Given \( x, d \in \mathbb {R}^n \), the function

$$\begin{aligned} \theta (t) := \frac{\big \Vert P_{\varOmega } (x+ t d) - x \big \Vert }{t}, \quad t > 0, \end{aligned}$$

is nonincreasing.

The first two properties in Lemma 3 are a well-known characterization of the projection (see [4]), whereas the third property was shown, e.g., in [3] in the context of a suitable globalization of a projected gradient method.

Proof of Lemma 1

Let \( k \in \mathbb {N} \) be fixed, choose \( \Delta > 0 \), and define

$$\begin{aligned} z_k := x_k + d_k^G (\Delta ) = x_k - \frac{\Delta }{\Delta _{\max }} \gamma _k \nabla \varPsi (x_k) \end{aligned}$$

for the sake of notational convenience. Then an elementary calculation yields

$$\begin{aligned} \nabla \varPsi (x_k)^T \bar{d}_k^G ( \Delta )= & {} \nabla \varPsi (x_k)^T \big ( P_{\varOmega } (z_k) - x_k \big ) \\= & {} \frac{\Delta _{\max }}{\Delta \cdot \gamma _k} \big ( x_k - z_k \big )^T\big ( P_{\varOmega }(z_k) - x_k \big ) \\= & {} \frac{\Delta _{\max }}{\Delta \cdot \gamma _k} \big ( P_{\varOmega } (z_k)- z_k \big )^T \big ( P_{\varOmega } (z_k) - x_k \big ) \\&+\,\,\frac{\Delta _{\max }}{\Delta \cdot \gamma _k} \big ( x_k - P_{\varOmega } (z_k) \big )^T \big ( P_{\varOmega } (z_k) - x_k \big ) \\\le & {} -\,\,\frac{\Delta _{\max }}{\Delta \cdot \gamma _k} \big \Vert \bar{d}_k^G ( \Delta ) \big \Vert ^2, \end{aligned}$$

where the inequality follows from Lemma 3(a), the definition of \( \bar{d}_k^G (\Delta ) \), and the feasibility of \( x_k \). On the other hand, Lemma 3(c) with \( d := -\, \nabla \varPsi (x_k) \) implies that

$$\begin{aligned} \frac{\big \Vert \bar{d}_k^G (\Delta ) \big \Vert }{\Delta }= & {} \frac{\left\| P_{\varOmega } \big ( x_k - \frac{\Delta }{\Delta _{\max }} \gamma _k \nabla \varPsi (x_k) \big ) - x_k \right\| }{\Delta } \\\ge & {} \frac{\left\| P_{\varOmega } \big (x_k - \gamma _k \nabla \varPsi (x_k) \big ) - x_k \right\| }{\Delta _{\max }} \\= & {} \frac{\left\| \bar{d}_k^G (\Delta _{\max }) \right\| }{\Delta _{\max }} \end{aligned}$$

holds for all \( 0 < \Delta \le \Delta _{\max } \). Combining the last two inequalities yields the assertion. \(\square \)

Proof of Proposition 1

Since \(x_k\rightarrow x^*\) for \(k\in K\) and \(k\rightarrow \infty \), the continuity of \(F'\) implies that there is a constant \( b_1 \) such that \( \Vert F'(x_k)\Vert \le b_1 \) for all \( k \in K \). Using (4), (5), and Lemma 3(b), we therefore obtain for all \(k\in K\)

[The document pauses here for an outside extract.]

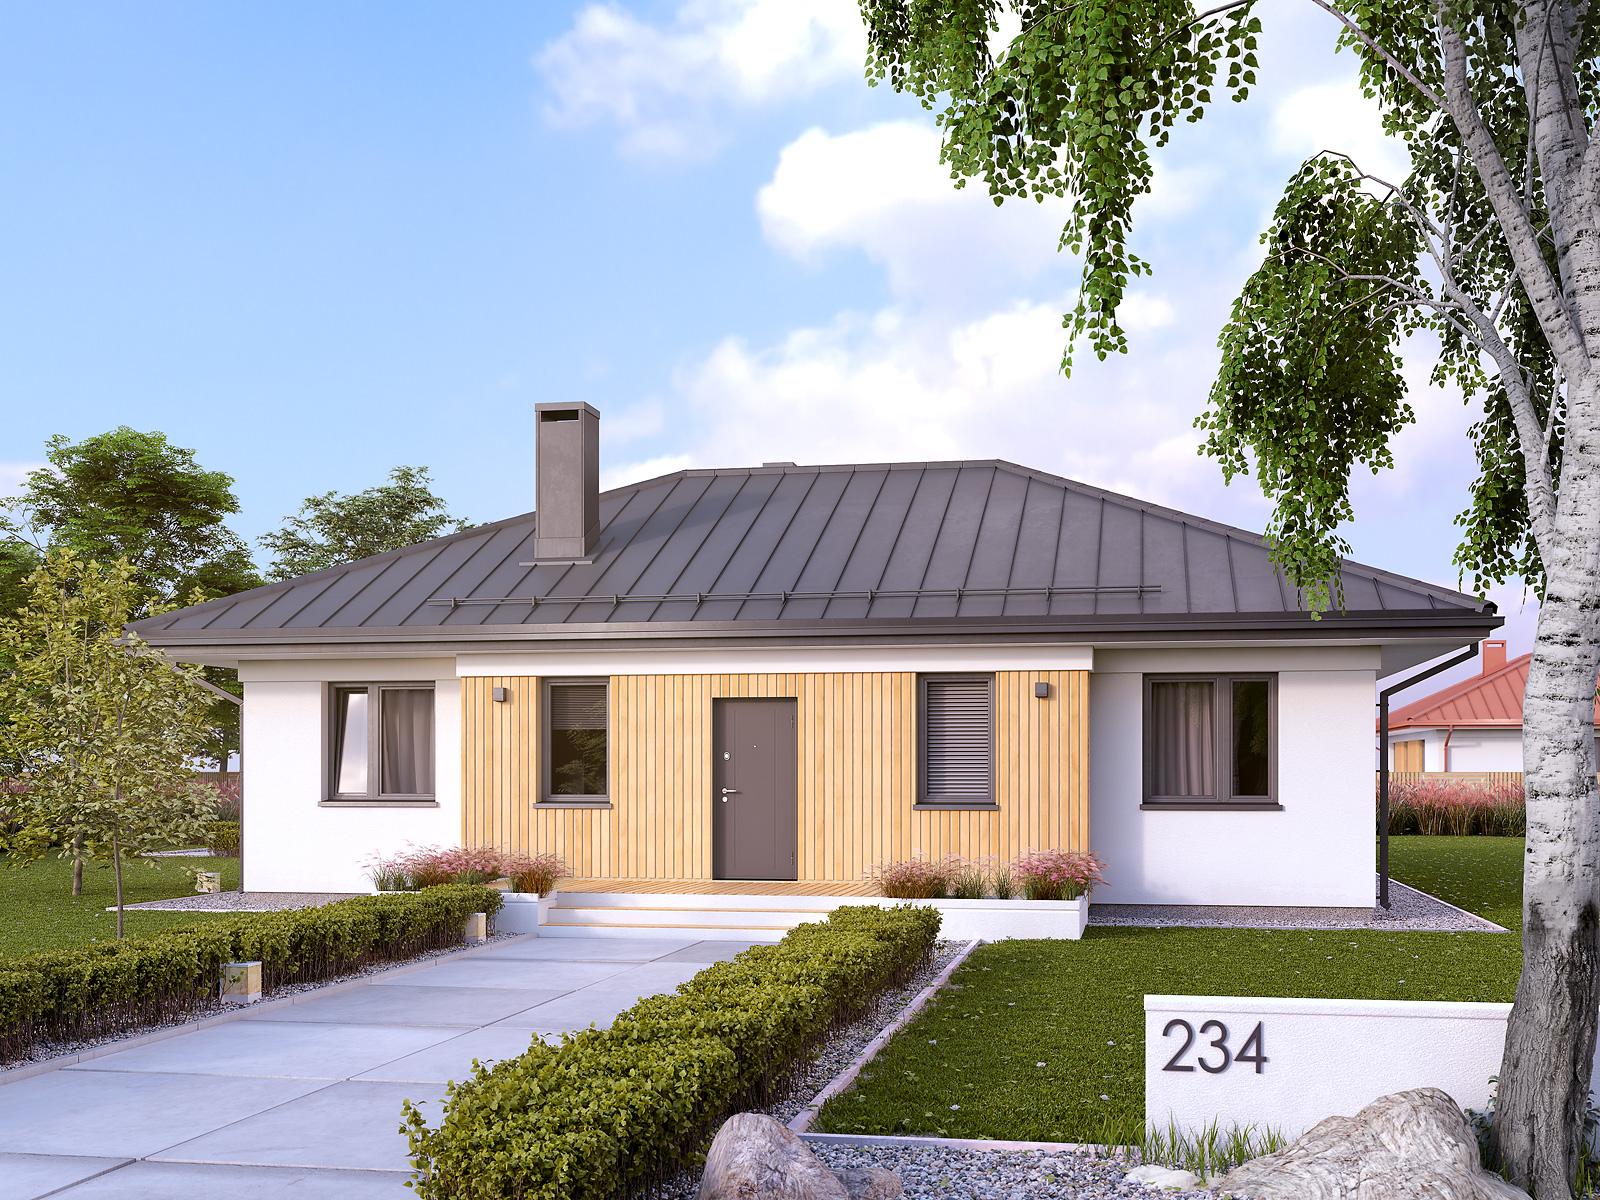 dom jednopiętrowy

$$\begin{aligned} \begin{aligned} \big \Vert F'(x_k) \bar{d}_k^G(\Delta ) \big \Vert&= \big \Vert F'(x_k) \big ( P_{\varOmega }\big [x_k + d_k^G(\Delta ) \big ] - x_k\big ) \big \Vert \\&\le \big \Vert F'(x_k) \big \Vert \big \Vert x_k + d_k^G(\Delta ) - x_k \big \Vert \\&\le \frac{\Delta \gamma _k}{\Delta _{max} } \big \Vert F'(x_k) \big \Vert \big \Vert \nabla \varPsi (x_k) \big \Vert \\&\le b_1 \Delta , \end{aligned} \end{aligned}$$

(27)

where the last inequality follows from the definition of \(\gamma _k\) in (S.2).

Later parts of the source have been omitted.